**Data segment**
━━━━━━━━━━━━━━━━
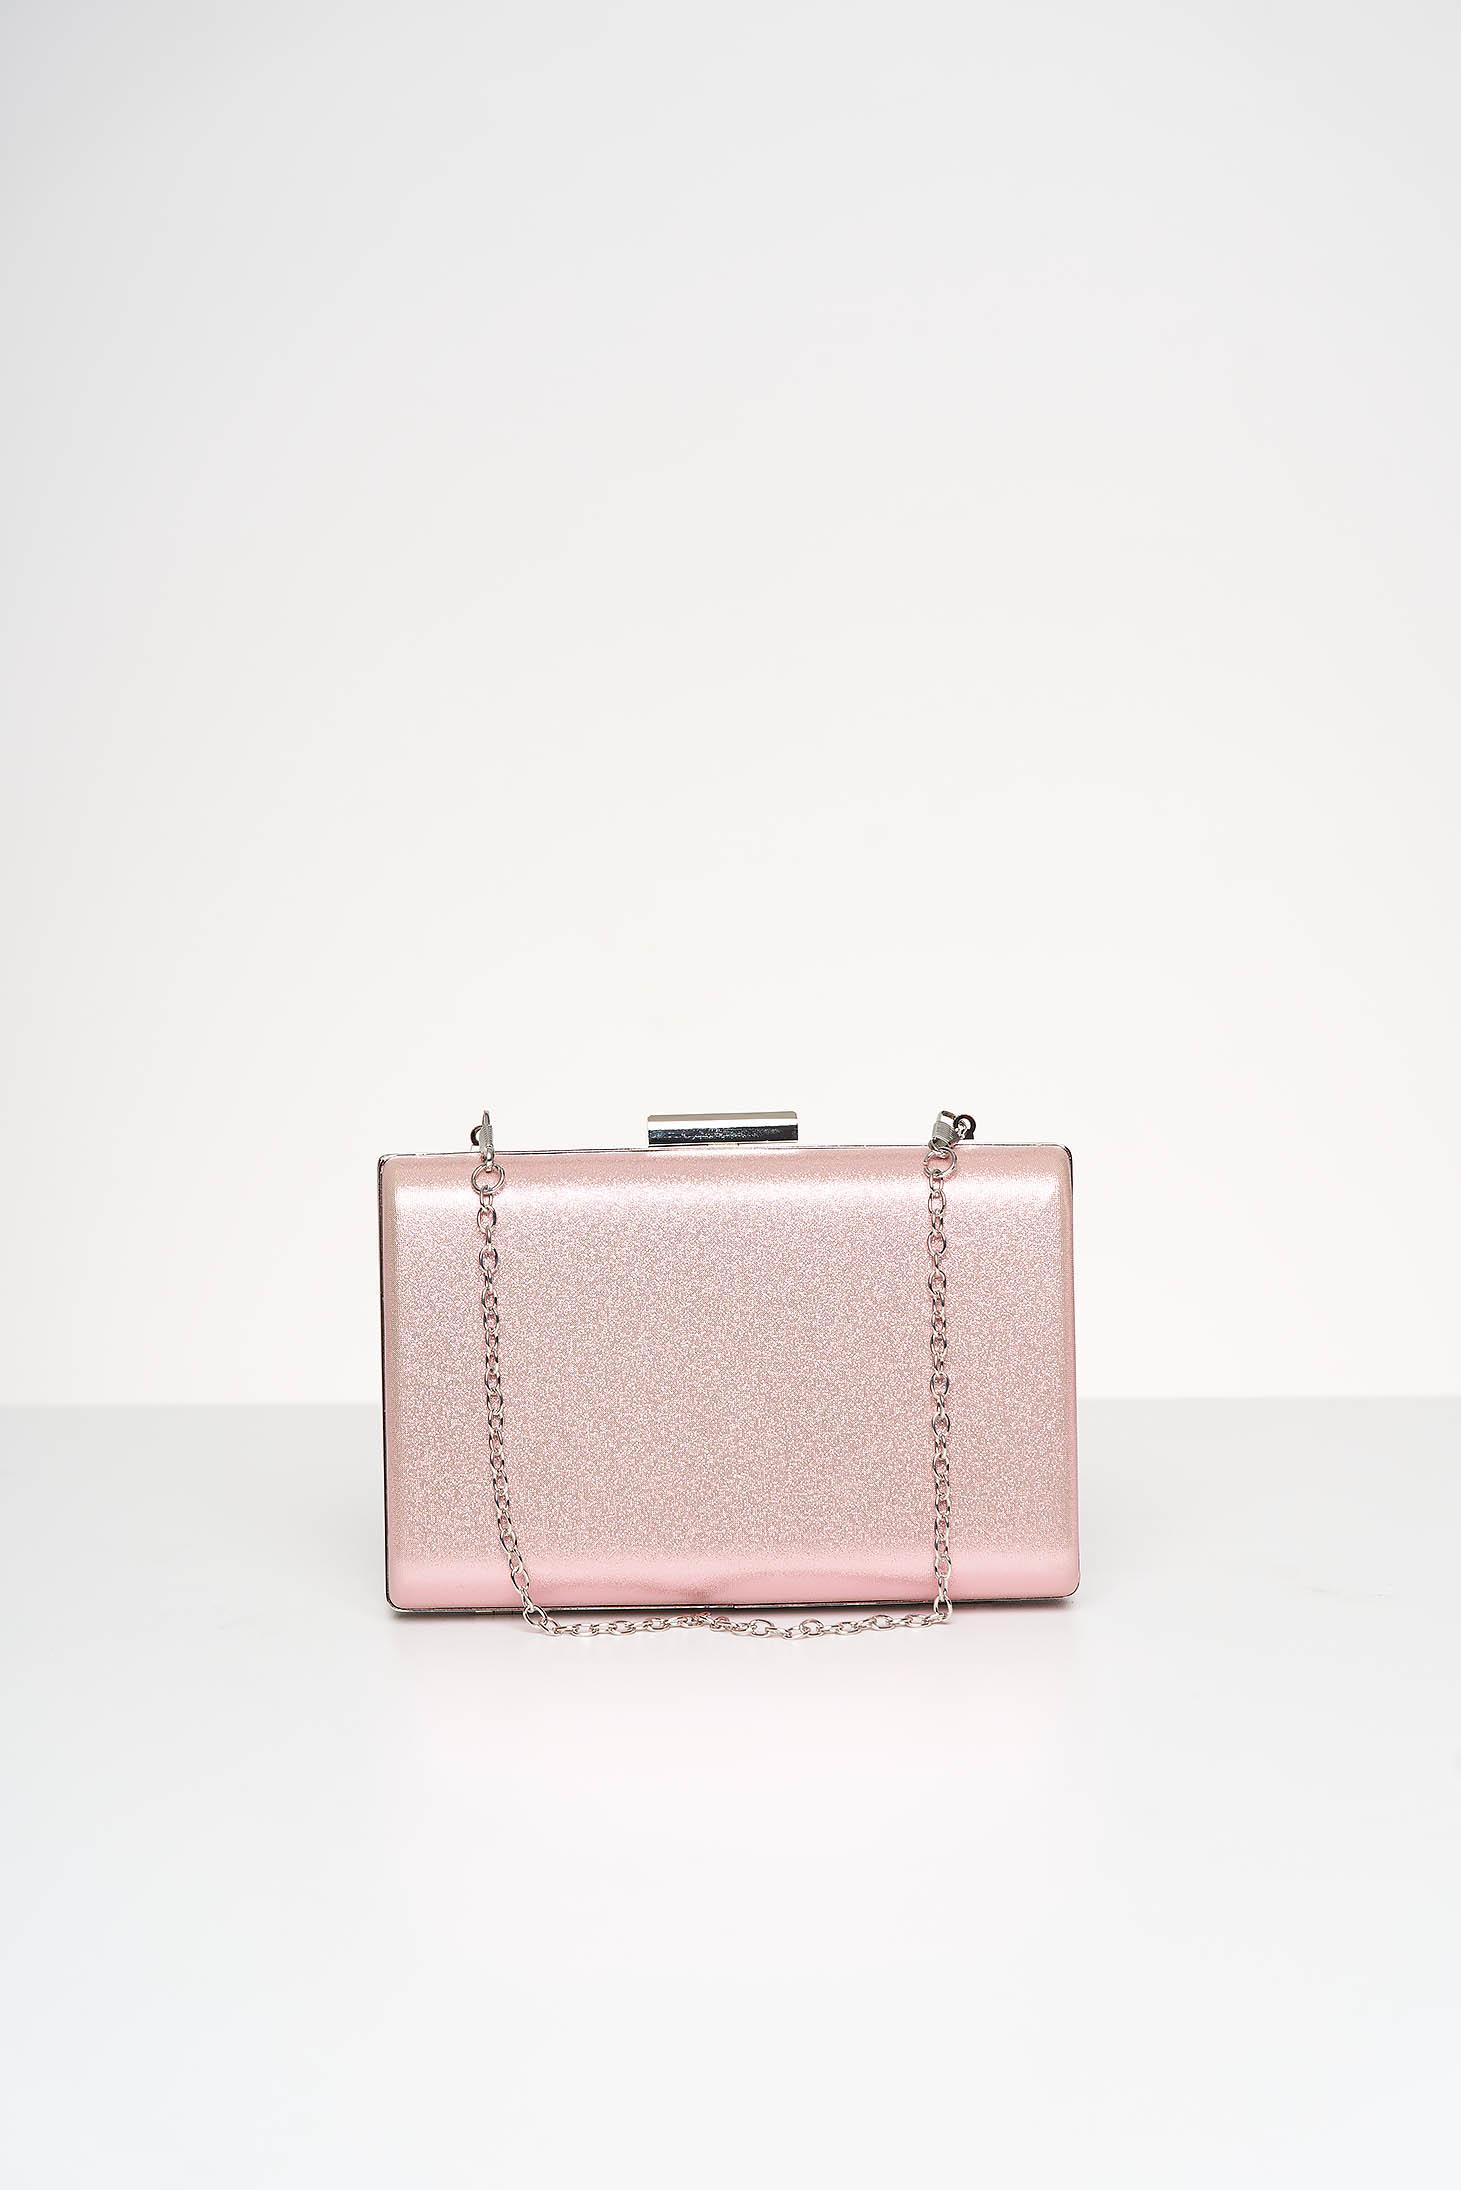 Geanta dama tip clutch roz de ocazie din material satinat cu aplicatii cu sclipici
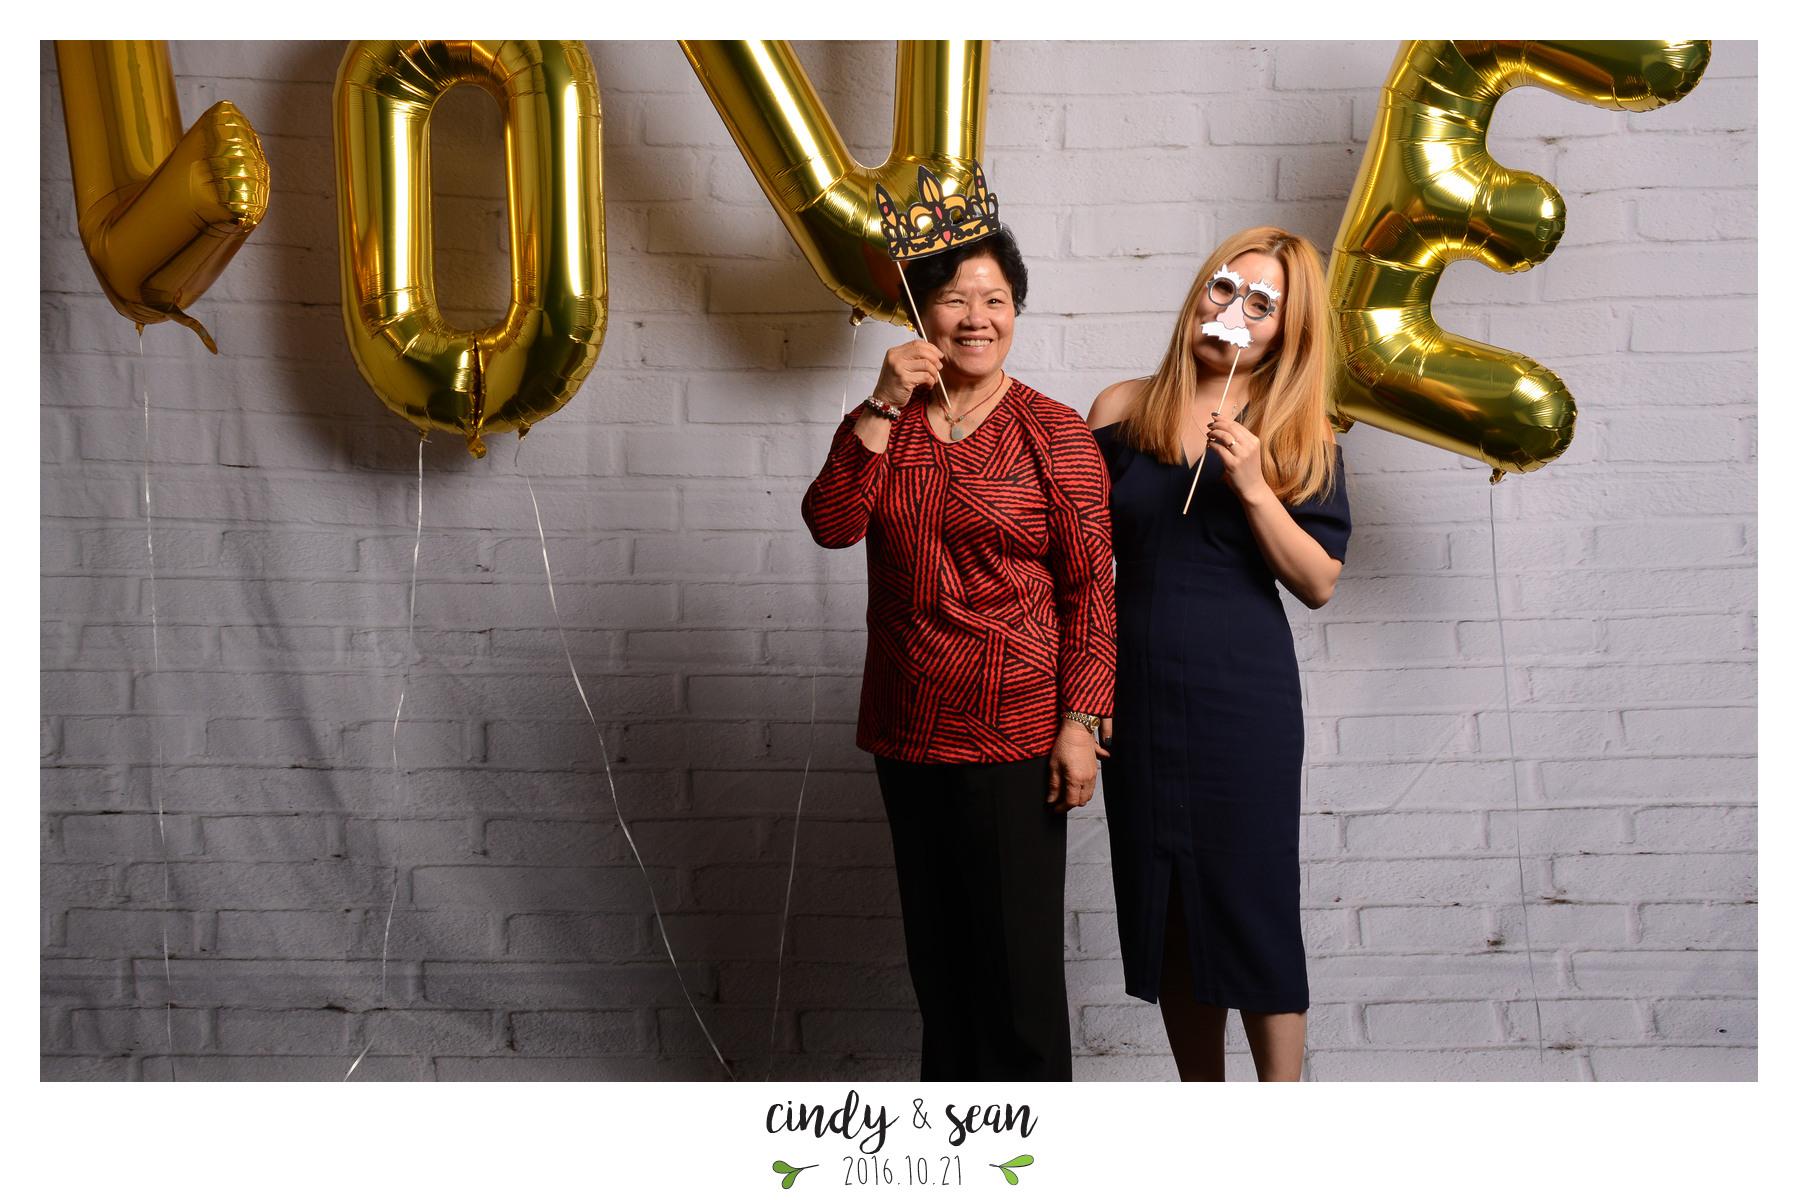 Cindy Sean Bae - 0001-128.jpg
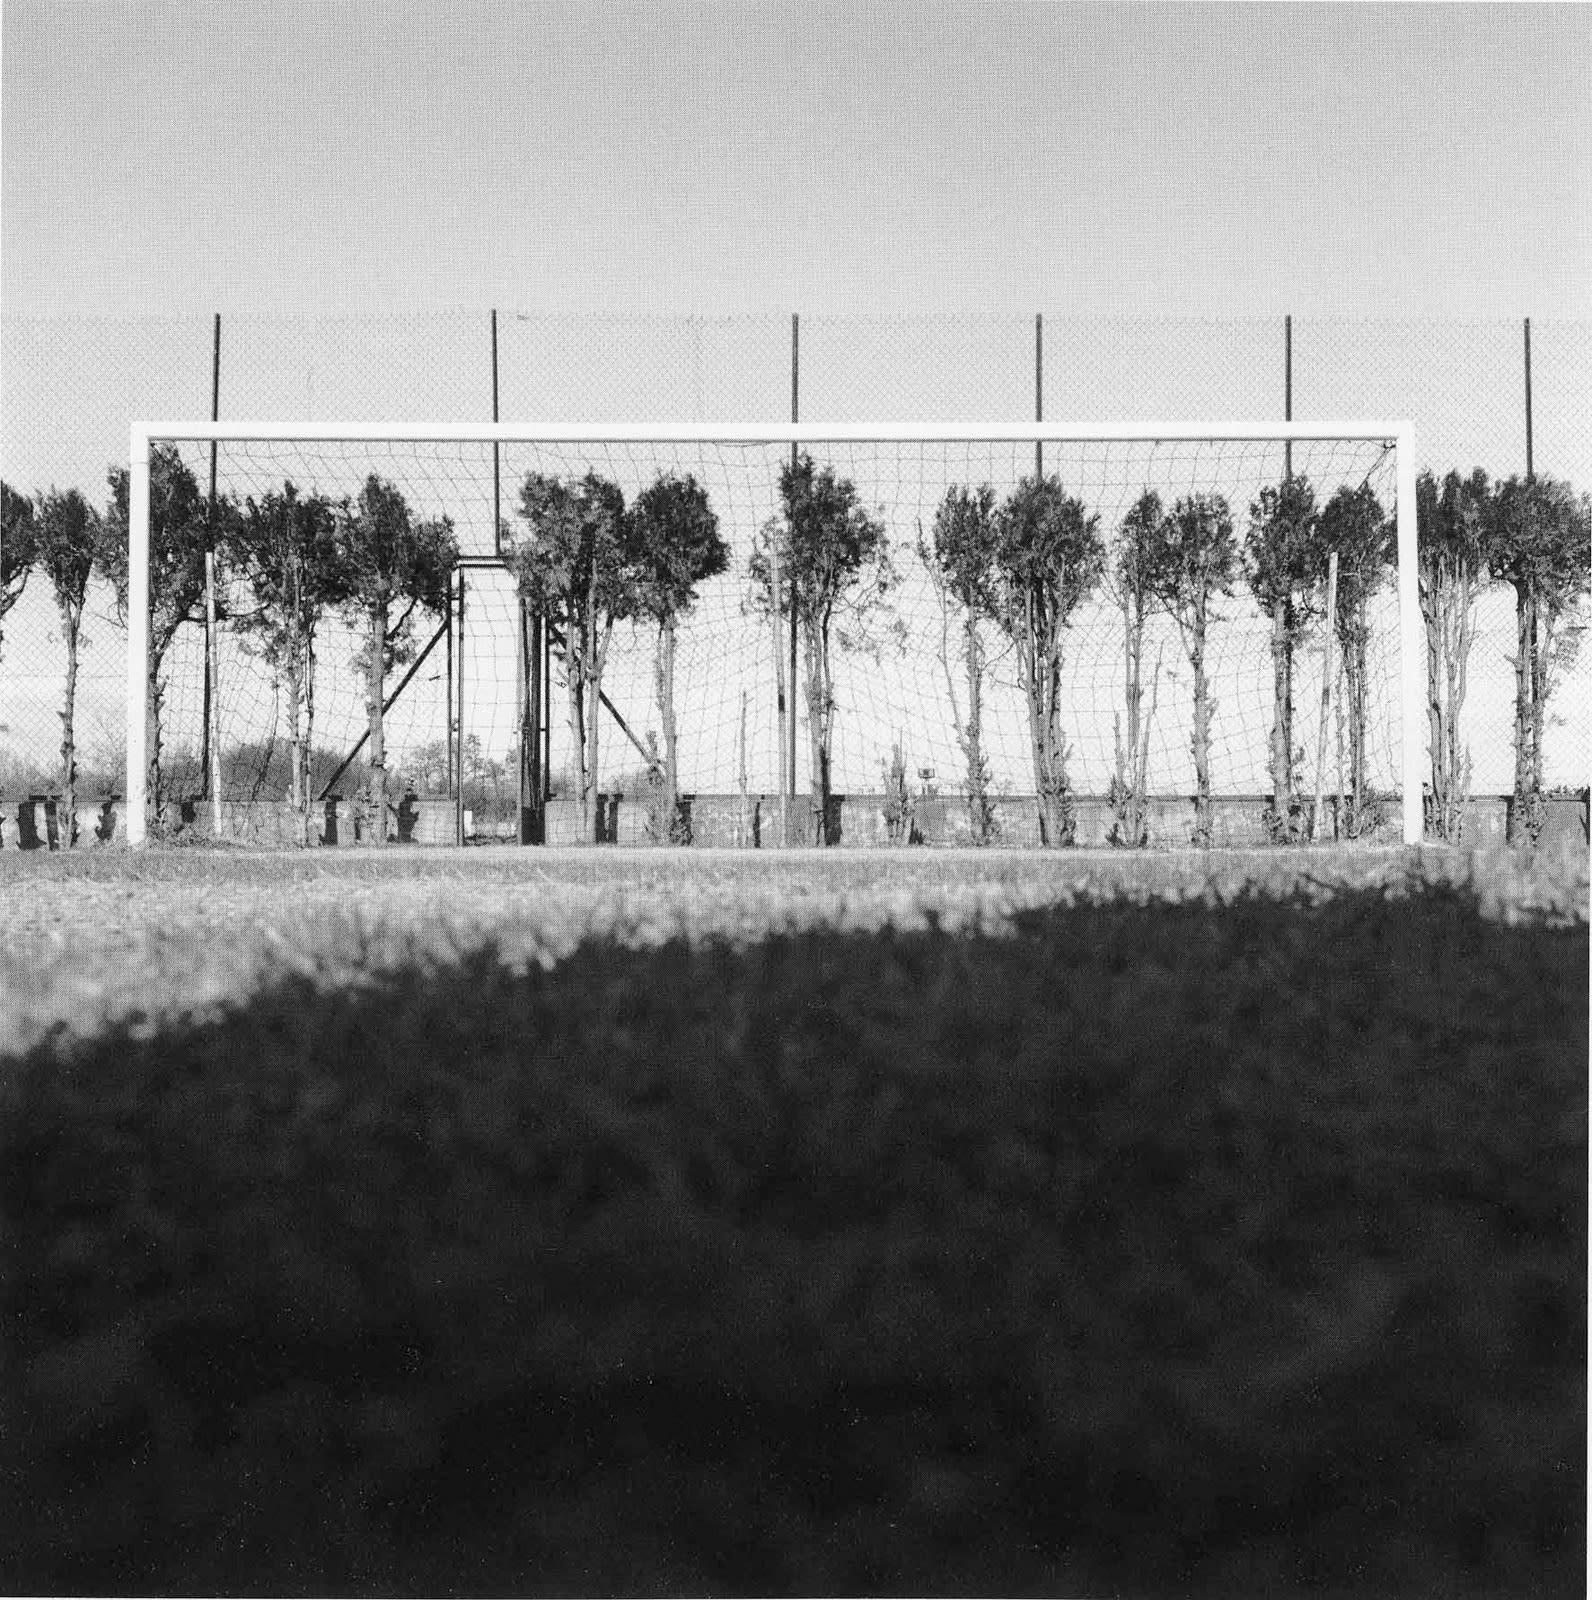 Pierre Schwartz, Marsillagues, France, 1994
━━━━━━━━━━━━━━━━
**About this task**
What is needed is an exact copy of the lines from the one with "Cindy Sean Bae - 0001-128.jpg" through the end of the data above, both included, minus any pictures.

**Solution to this exercise**
 Cindy Sean Bae - 0001-128.jpg
 Pierre Schwartz, Marsillagues, France, 1994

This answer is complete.